In homologous competitive binding study, the purified toxin was labelled with biotin and allowed to compete with unlabelled toxin for binding sites on CEM-SS and its dissociation constant (Kd) was determined. Comparisons were made with CCRF-SB, CCRF-HSB-2 and MCF-7. In heterologous competitive binding study, biotinylated toxin competition was determined with two other Bt toxins (crude Btj and crude Bt 22) and anticancer drugs (cisplatin, doxorubicin, etoposide, navelbine and methotrexate). To localise the binding site under the confocal microscope, the biotinylated toxin was tagged with FITC-conjugated streptavidin.

Results

Homologous competitive binding assays revealed decreasing binding affinity of Bt 18 toxin for CEM-SS, CCRF-SB, and CCRF-HSB-2 with Kd of 8.44 nM, 14.98 nM and 17.71 nM respectively.

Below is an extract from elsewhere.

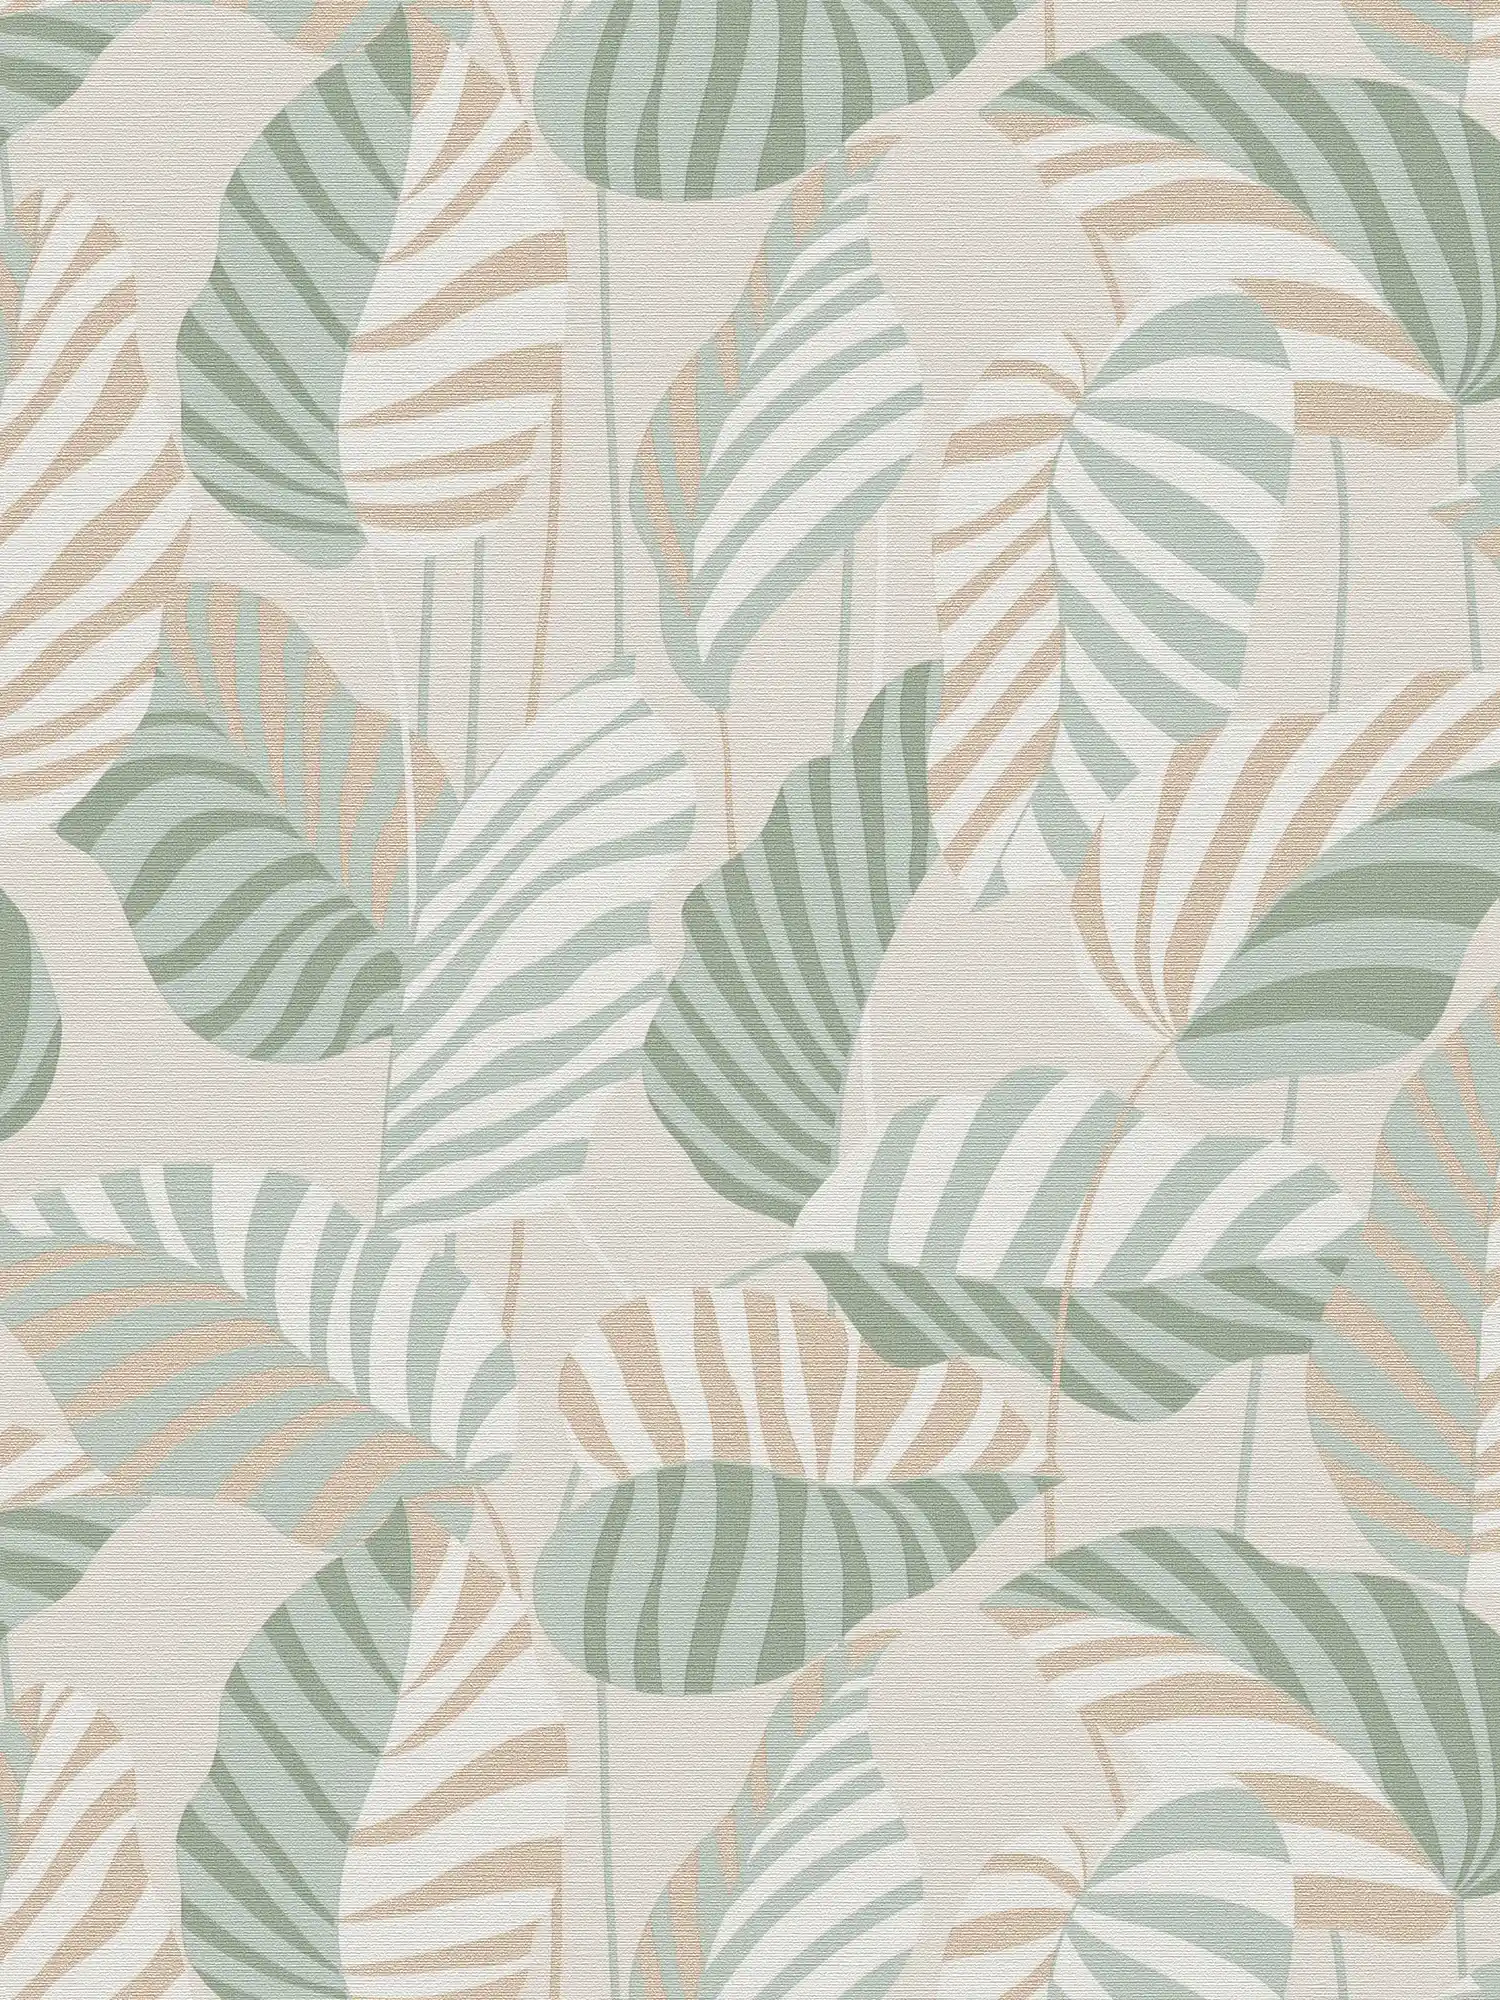 Non-woven wallpaper in natural style with slightly shiny palm leaves - cream, green, gold

Kd for MCF-7 was not determined as the inhibitory concentration (IC50) was not reached. Heterologous competitive study showed little competition (< 30%) between biotinylated Bt 18 toxin and all test compounds used. Confocal microscopy revealed binding of toxin at the periphery of the cell.

Conclusions

It was postulated that purified Bt 18 toxin binds on the cell surface of CEM-SS and the mechanism of cell death may differ from that of Btj toxin, Bt 22 toxin and all five anticancer drugs used in this study, since it did not significantly compete with these compounds for the same binding site.